[[ Supplied material, beginning ]]
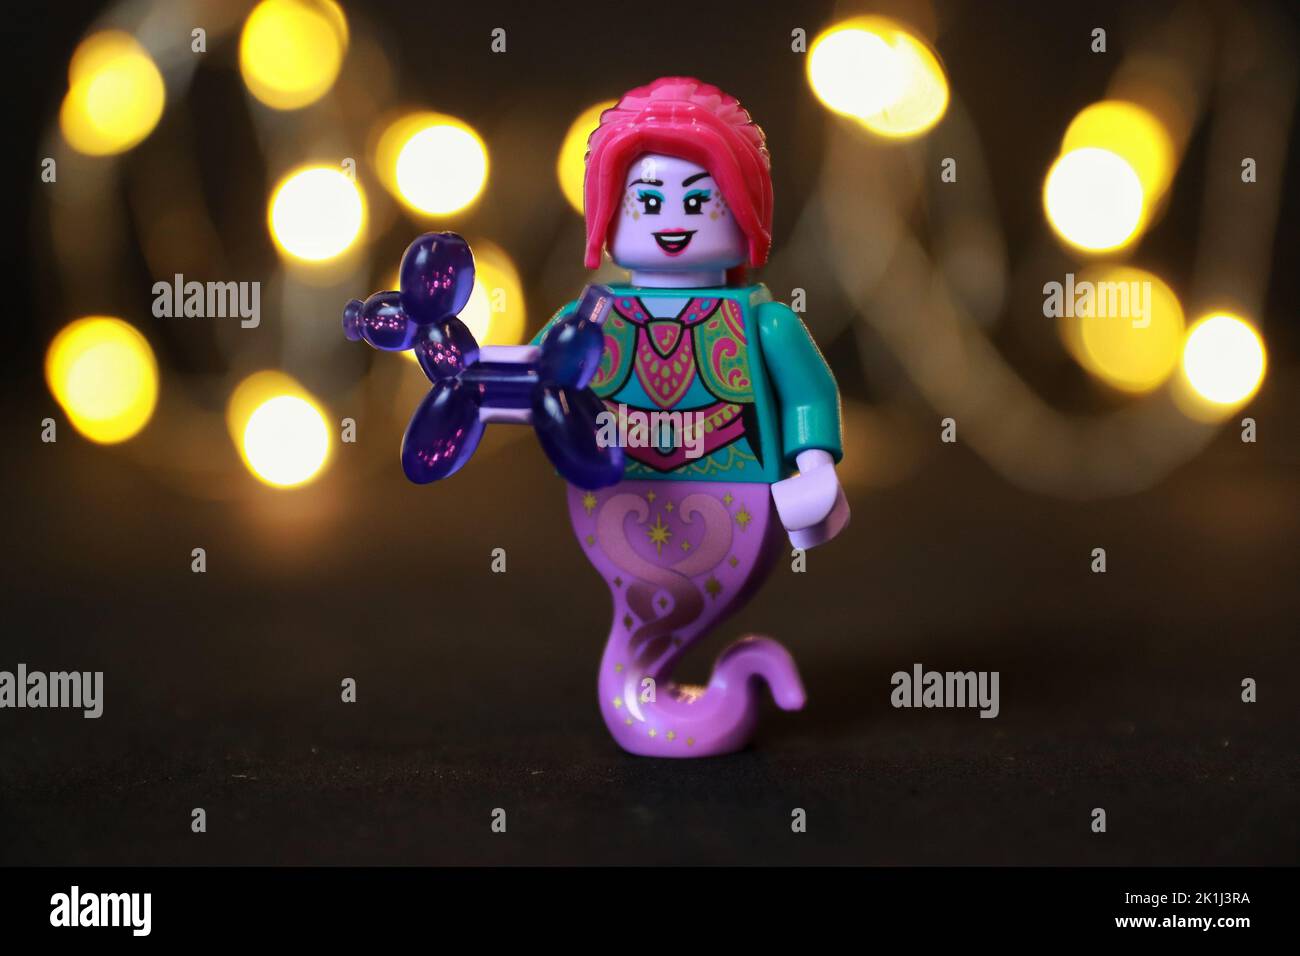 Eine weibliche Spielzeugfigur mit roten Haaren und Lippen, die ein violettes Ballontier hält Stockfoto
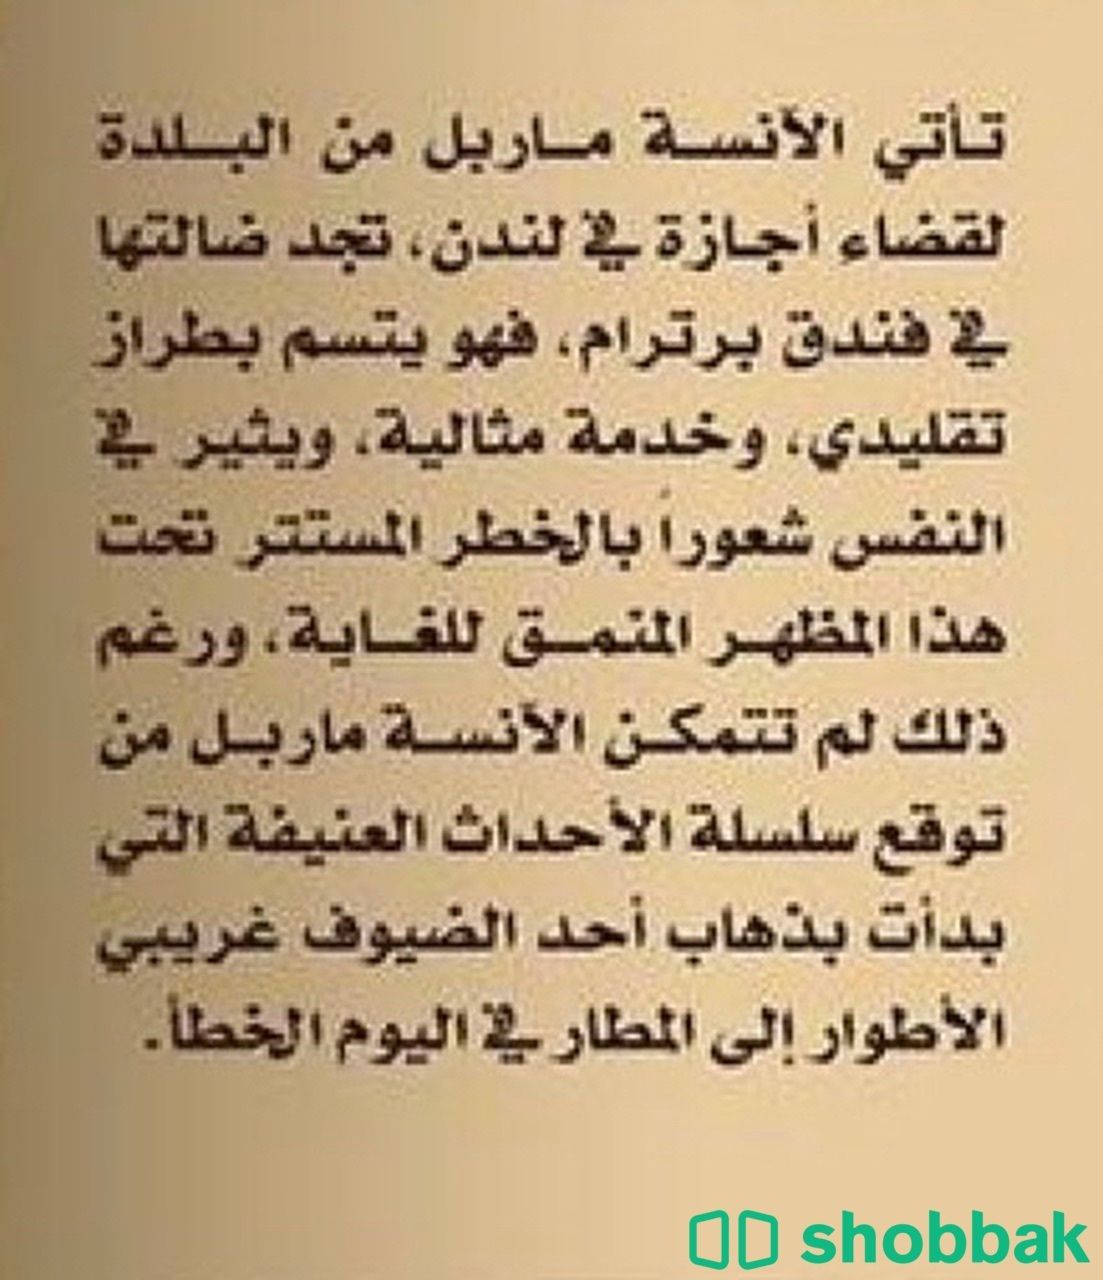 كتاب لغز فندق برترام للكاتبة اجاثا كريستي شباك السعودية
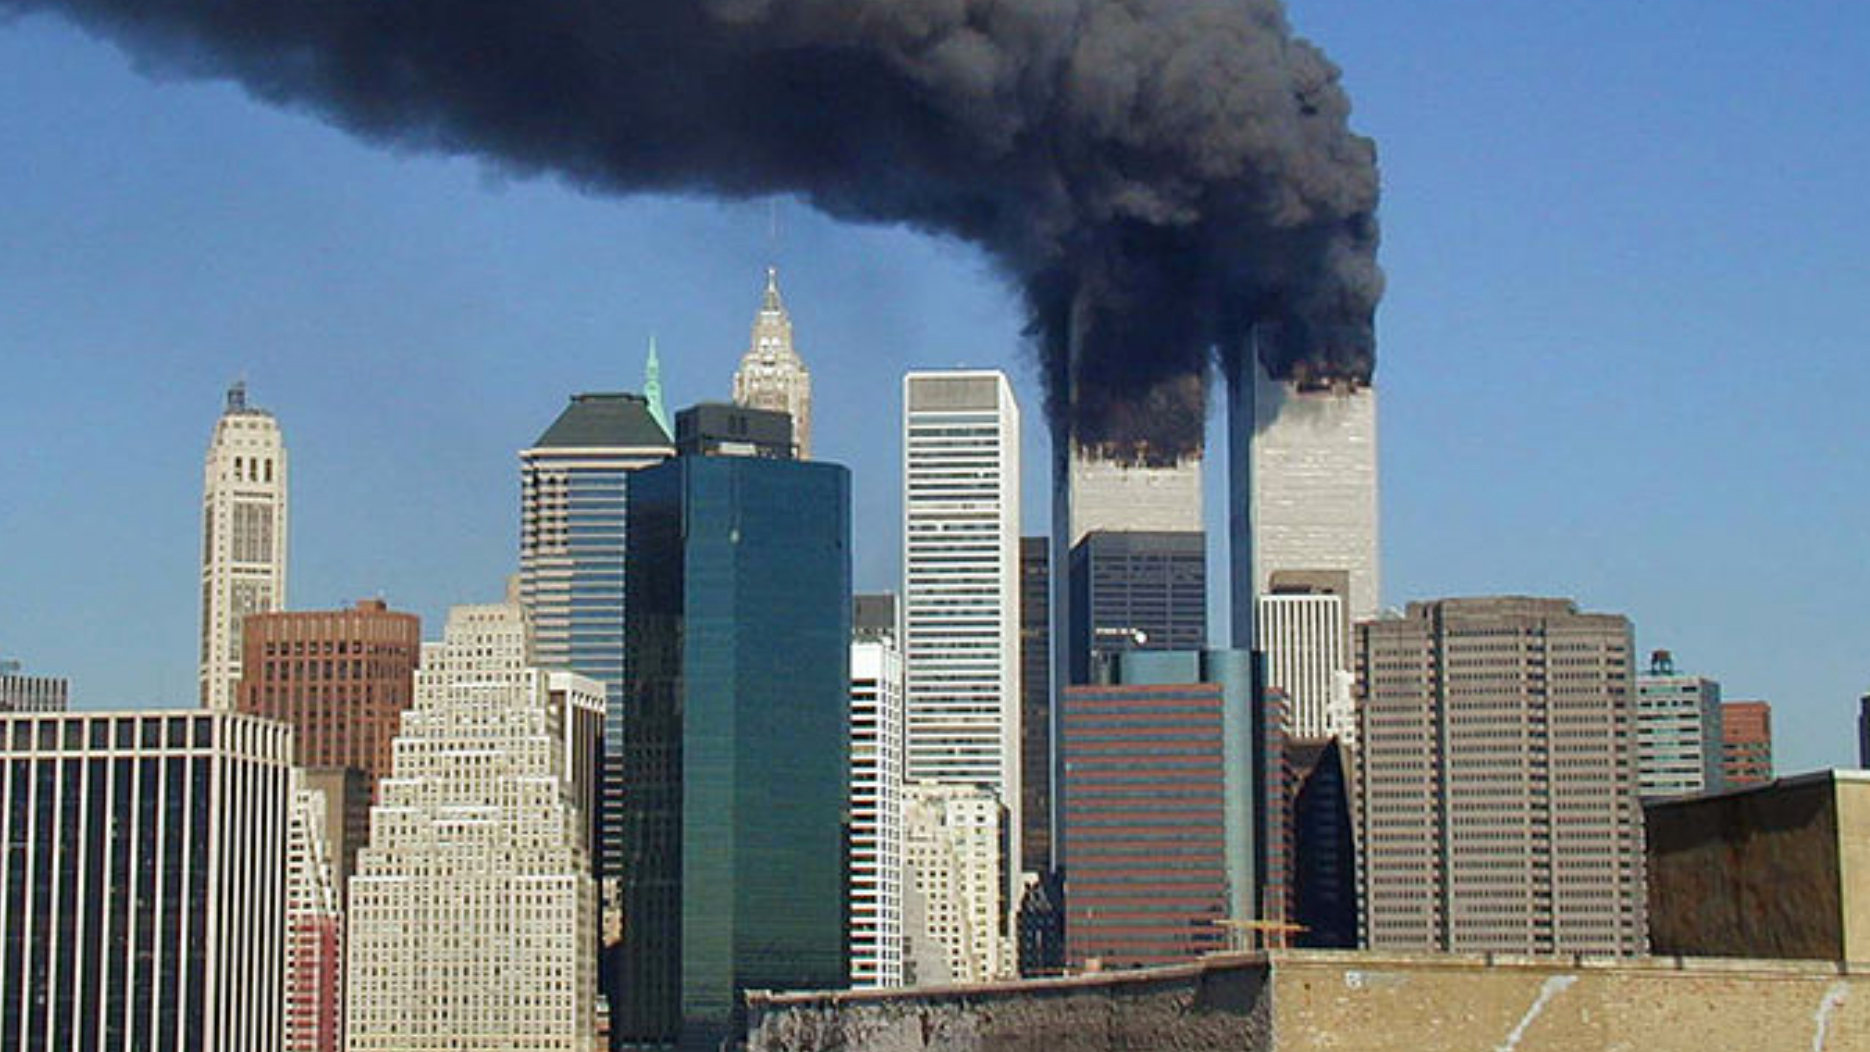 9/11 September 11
[[ Supplied material, end ]]
The whole listing above must be duplicated word for word, apart from its pictures.

◆ **Exercise result**
 Eine weibliche Spielzeugfigur mit roten Haaren und Lippen, die ein violettes Ballontier hält Stockfoto
 كتاب لغز فندق برترام للكاتبة اجاثا كريستي شباك السعودية
 9/11 September 11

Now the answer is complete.